In Like a Lion! Bits Flashback for March 6
March 6, 2011
According to the old adage, March should come in like a lion and go out like a lamb. With rain and flood watches here in Blacksburg and reports of new snow from colleagues across the country, I guess the saying is true to its word. Here’s hoping that you got a mild, little lion cub rather than a big growl lion of weather.
This past week, Bedford Bits has had posts on everything from poetry to propaganda. Here’s the round-up, in case you missed something!
- Holly Pappas shares an assignment she’s using to counter the notion that poetry is a hard-to-crack code in Gen Ed Poetry: Finding a Real Toad or Two.
- High School Bits blogger John Golden shares a video explanation of Teaching Strategies: Twenty Questions, an analytical strategy students use to work through tough texts in class.
- Andrea Lunsford asks how teachers of writing face the challenge of Making Room for Both Old and New in today’s increasingly complex classroom.
- Doug Downs presents Writing-About-Writing as Survival Guide to College, one that give students the skills to write effectively in any college class.
- Andrea Lunsford gives us An Update on her post-earthquake travels in New Zealand.
- Barclay Barrios says that the key to effective commenting is focusing on “Promising Moments” in student texts.
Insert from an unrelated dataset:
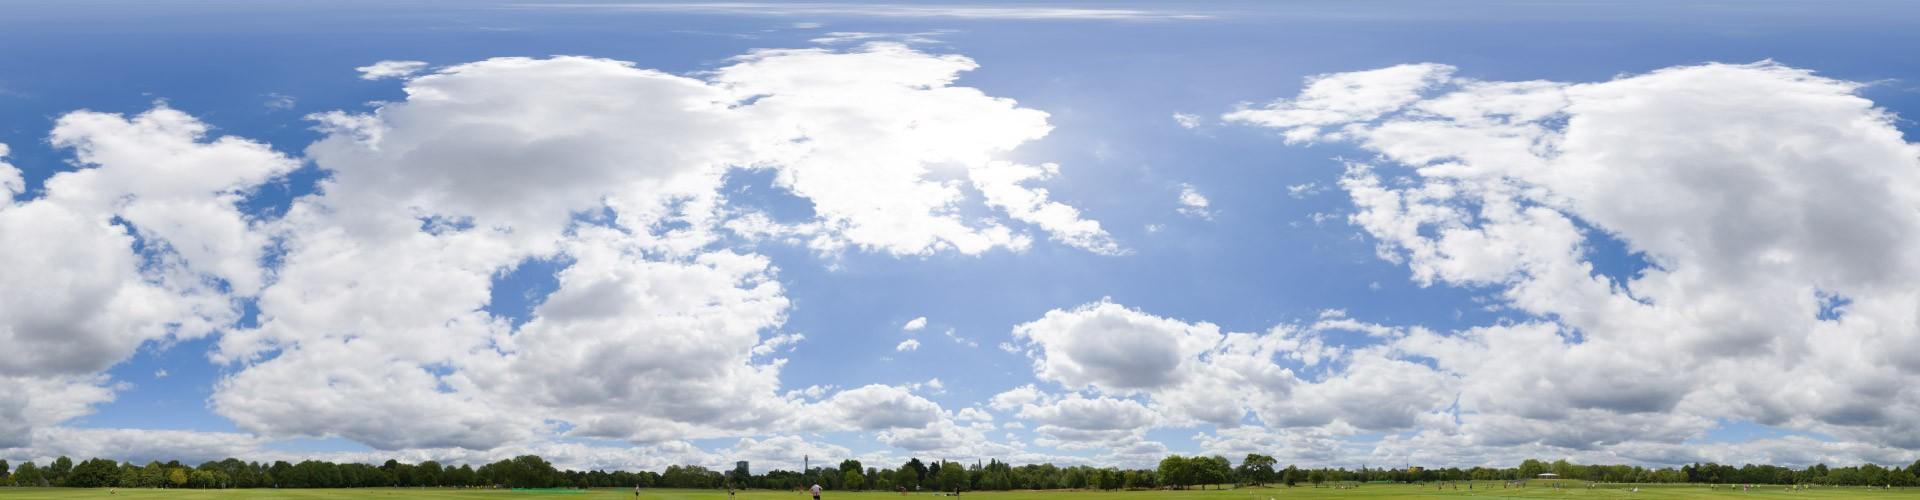 Sunny Clouds 6953 (30k) HDRI

He shares a concrete example of how the strategy works in Promising Moments: Putting It Together.
- Traci Gardner asks if you Know What Not To Post Online, and discusses what can and will go wrong if you misstep.
- High School Bits blogger Nathan Odell shares Propaganda Critic, a site with background readings and related resources on propaganda.
- Susan Naomi Bernstein shares ask if we are prepared to imagine students, not as numbers to crunch, or statistics to be lamented, but as rock stars in Writing Beyond Statistics.